CategoryWhat it catchesExample subtypes
KnowledgeHallucinations, outdated info, self-contradictionsFactual Hallucination, Entity Confusion, Outdated Information
ReasoningLogic errors, calculation mistakes, planning failuresInvalid Inference, Arithmetic Mistake, Circular Reasoning
ContextLost conversation context, misinterpreted referencesContext Window Overflow, Positional Bias, Reference Misresolution
InstructionConstraint violations, partial execution, priority conflictsSystem Prompt Violation, Partial Execution, Conflicting Instructions
Tool UsageWrong tool, bad parameters, sequence violationsWrong Tool Selection, Parameter Hallucination, Skipped Steps
SafetyPrompt injection, guardrail bypass, unauthorized actionsDirect Injection, Jailbreak, PII Leakage
CommunicationUnhelpful, unclear, or inappropriate responsesRobotic Tone, Over-Verbose, Emotional Mismatch
OperationalTimeouts, rate limits, non-deterministic behaviorTimeout Handling, Rate Limit Handling, Non-Determinism
CoordinationMulti-agent deadlocks, lost handoffs, conflicting actionsHandoff Failure, Deadlock, Context Loss Between Agents

See Failure Taxonomy for the complete taxonomy reference with all 40+ subtypes, severity ratings, detection hints, and prevention strategies.


How to Use It

Dashboard: AI Generation Modal

Scenarios overview showing pass/fail status per agent

1

Select an agent and describe what to test

Navigate to Scenarios in the sidebar and click AI Generate. In the modal, select the agent you want to generate tests for, then describe the behavior you want to test.

AI Generate modal

2

Configure and generate

Optionally customize the generation settings or click Generate with defaults (5 test cases, moderate complexity). Click Customize & Generate to set the number of test cases, complexity level, and other options.

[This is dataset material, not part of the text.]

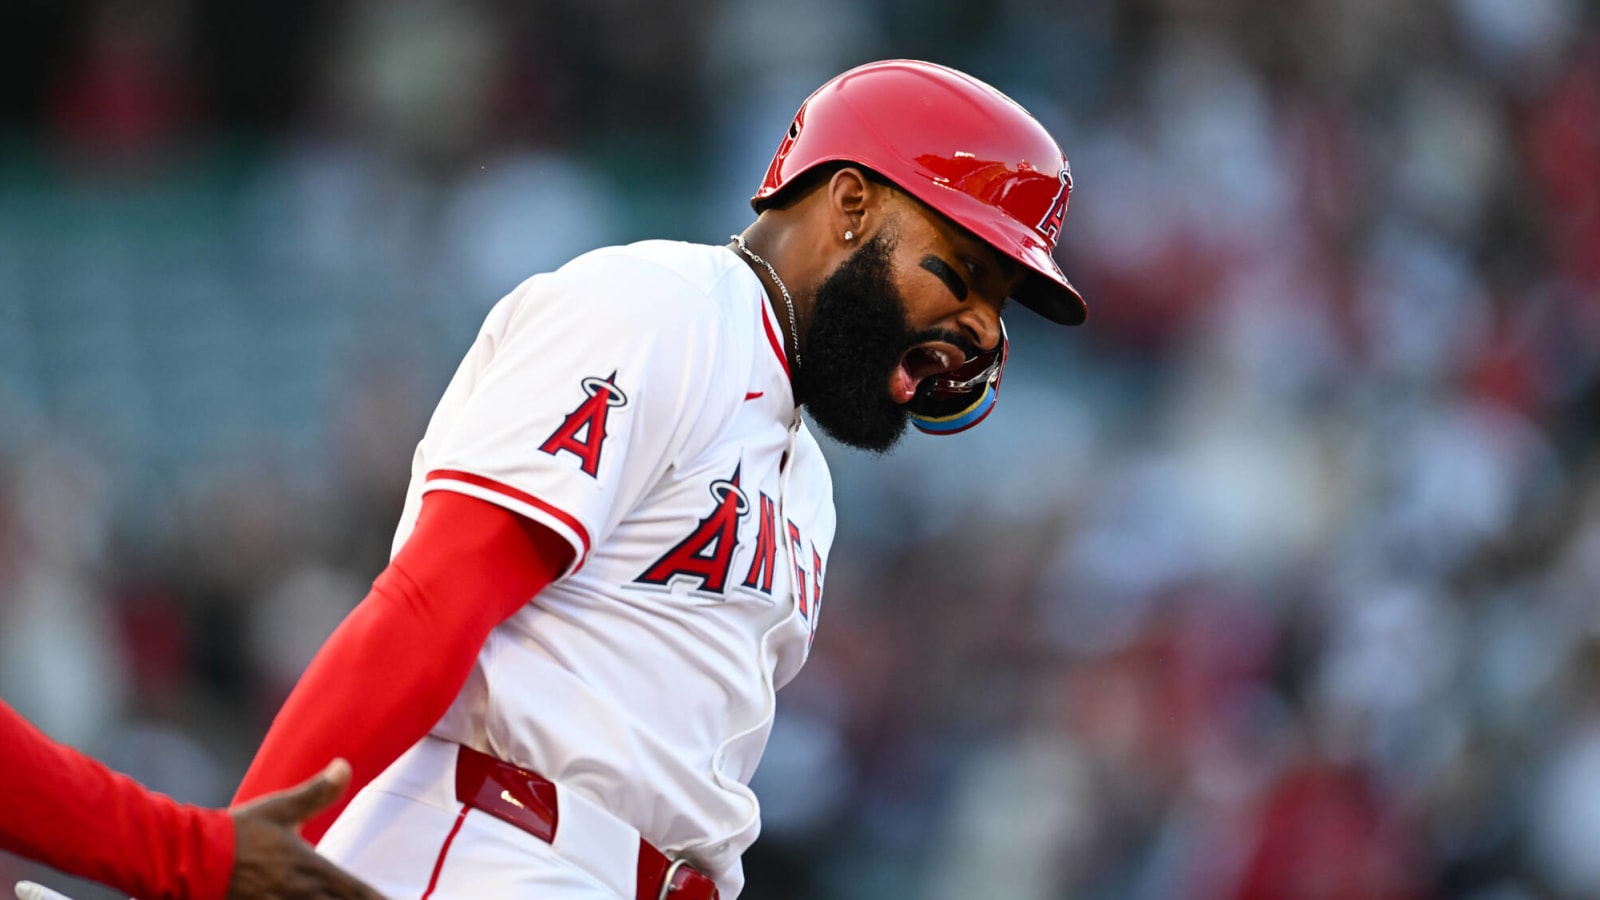 Jo Adell on His Hot Start for the Angels and What Has Changed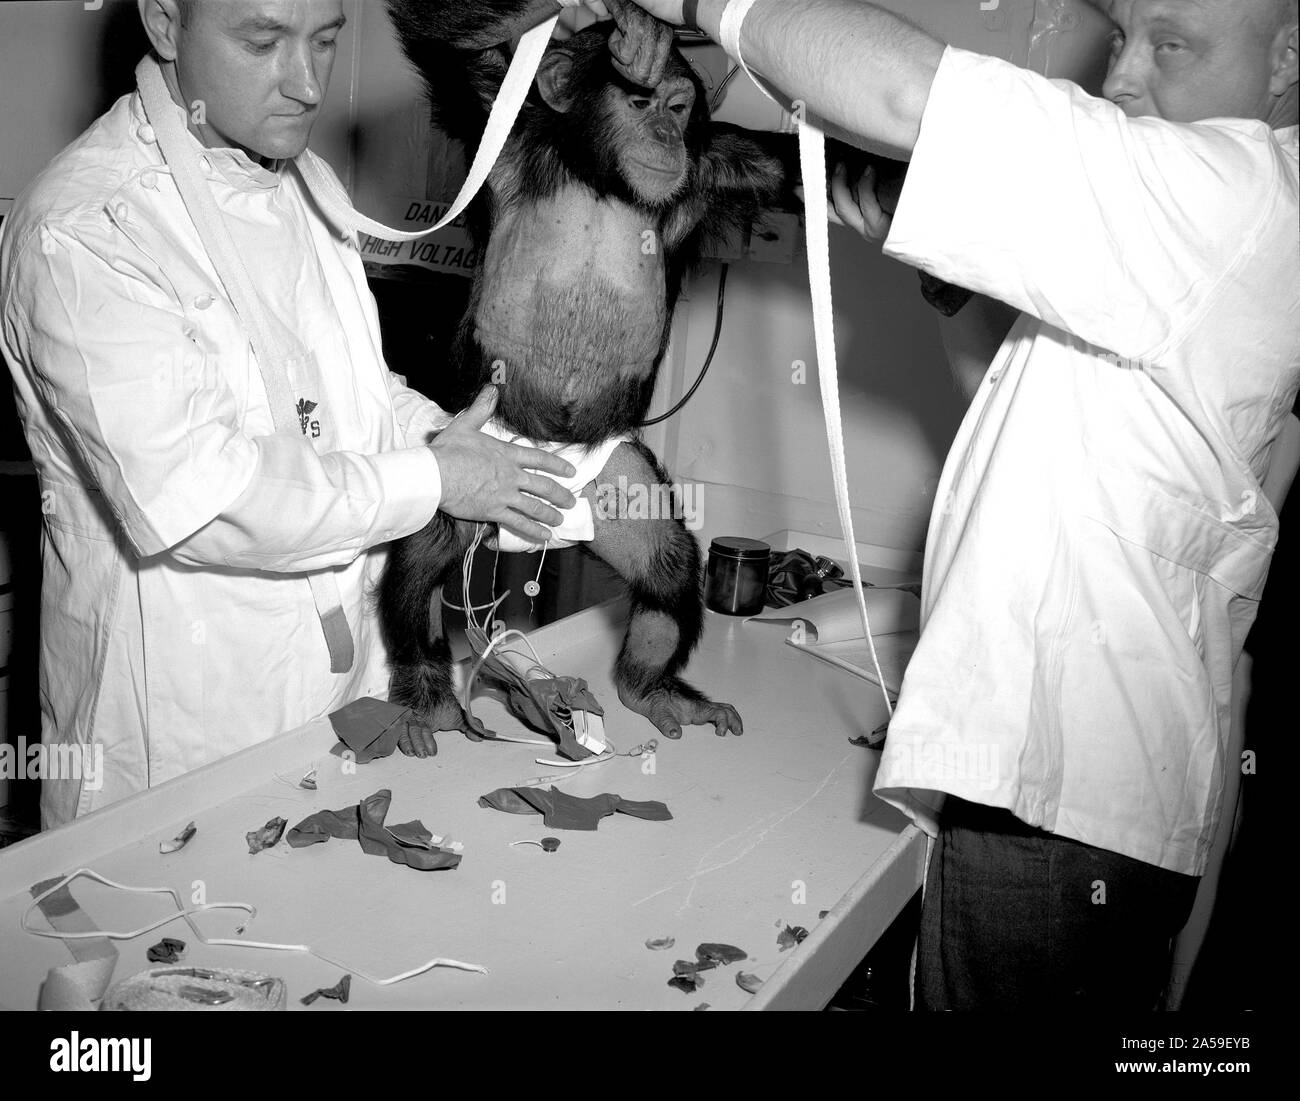 Chimpanzee 'Ham' being assisted into 'spacesuit' prior to the Mercury-Redstone 2 (MR-2) test flight which was conducted on Jan. 31, 1961. Stock Photo

Configure generation parameters

The system produces test cases in 10-30 seconds, depending on count and complexity.

3

Review generated scenarios

Review the generated scenarios — click into any scenario to see its test cases, expected tools, tags, and pass/fail status.

Scenario detail showing test cases with pass/fail status and expected tools


FAQ

How many test cases can I generate at once?

Up to 25 test cases per generation request. For large test suites, run multiple generation requests targeting different failure categories.

How long does generation take?

10-30 seconds depending on the number of test cases and complexity level.

Can I target specific failure patterns?

Yes. You can focus on any of the 9 categories. For example, asking to focus on safety failures will generate test cases targeting prompt injection, guardrail bypass, PII leakage, and other safety-related subtypes.

What if generation produces similar test cases?

Invarium automatically removes test cases that are too similar, comparing names, user messages, and tool sequences. If you are still seeing overlap, try generating smaller batches targeting different failure categories.

Do I need to write test cases manually?

Not usually. AI generation handles most cases. However, you can also create scenarios manually for specific edge cases you have identified, or edit AI-generated scenarios to refine the expected behavior.